[R6RS] revised Unicode SRFI

Tue Apr 11 09:44:03 EDT 2006

Matthew Flatt <mflatt at cs.utah.edu> writes:

> At Wed, 29 Mar 2006 15:47:28 +0200, Michael Sperber wrote:
>>   Moreover, it might be worth mentioning that
>>   CaseFolding.txt contains purely derived information.
>
> I think it's not derived. A comment in file says that it's a
> "supplement to the UnicodeData file".

I'm still confused on this---if only for the purposes of implementing.
I've currently implemented case-folding by first doing string-upcase
and then mapping char-downcase over the result, like so:

(define (string-foldcase s)
  ;; map to uppercase, then back to lowercase char-by-char
  (let* ((ucase (string-upcase s))
	 (size (string-length ucase)))
    (let loop ((i 0))
      (if (< i size)
	  (begin
	    (string-set! ucase i (char-downcase (string-ref ucase i)))
	    (loop (+ 1 i))))
      ucase)))

These require only UnicodeData.txt and SpecialCasing.txt. I generally
have a hard time reading the algorithms as written up in the Unicode
consortium TRs, so I'm probably wrong---could you clarify?

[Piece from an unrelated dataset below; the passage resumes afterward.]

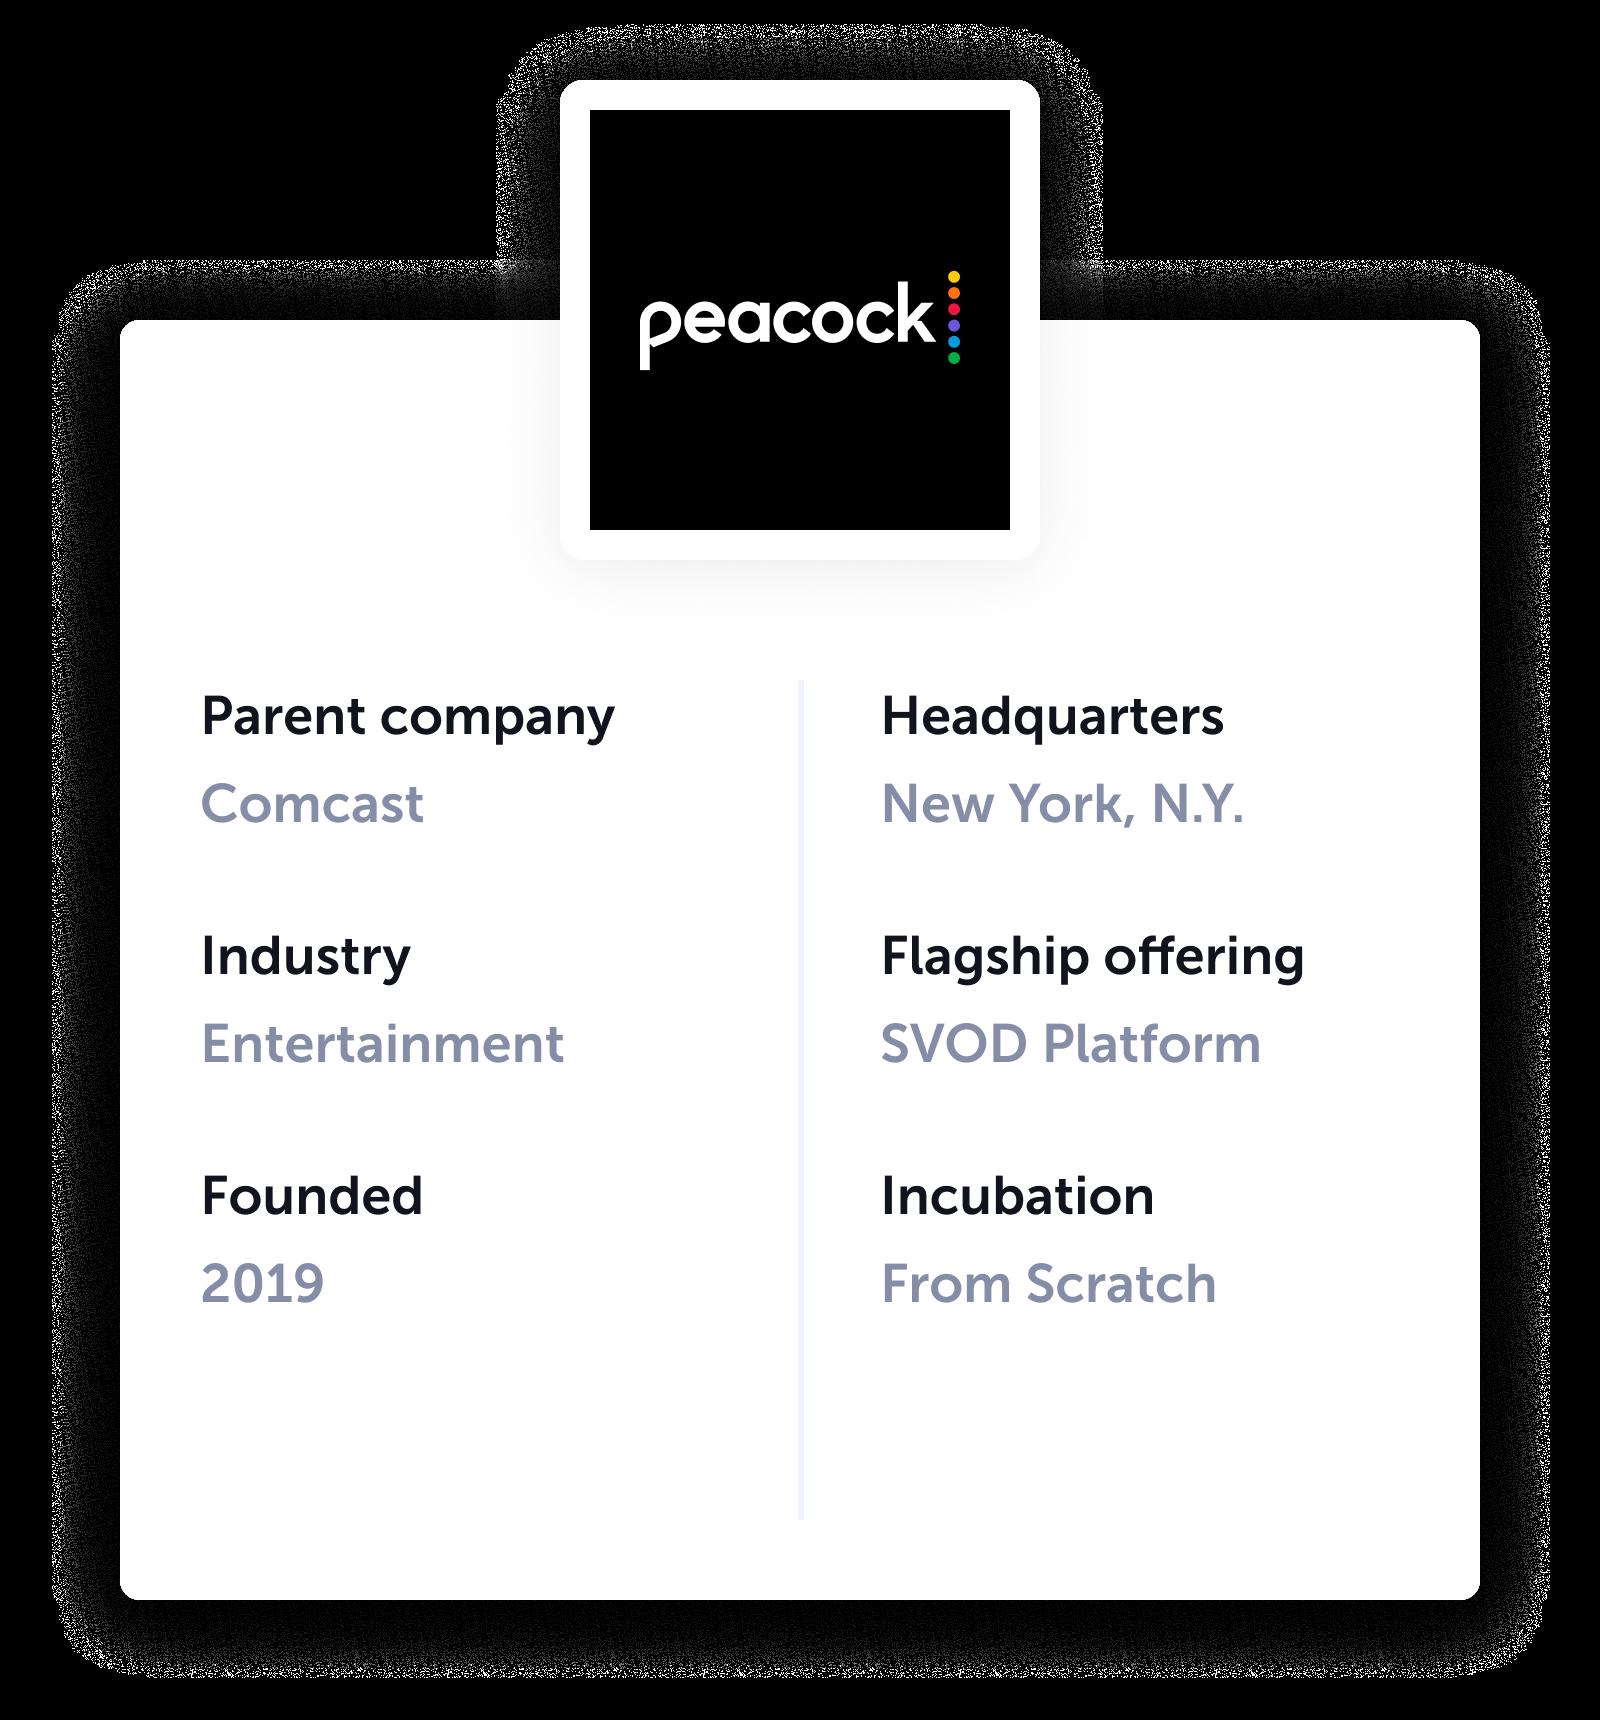 peacock company profile

Also, an implementation of char-upper-case? and char-lower-case? must
look at PropList.txt, I believe, which isn't mentioned yet.

I'm very slightly concerned about the inconsistent spelling of
"title-case" (and, by transitivity, the other -cases) but that
probably can't be helped.

Other than that, it's ready to go by me.

-- 
Cheers =8-} Mike
Friede, Völkerverständigung und überhaupt blabla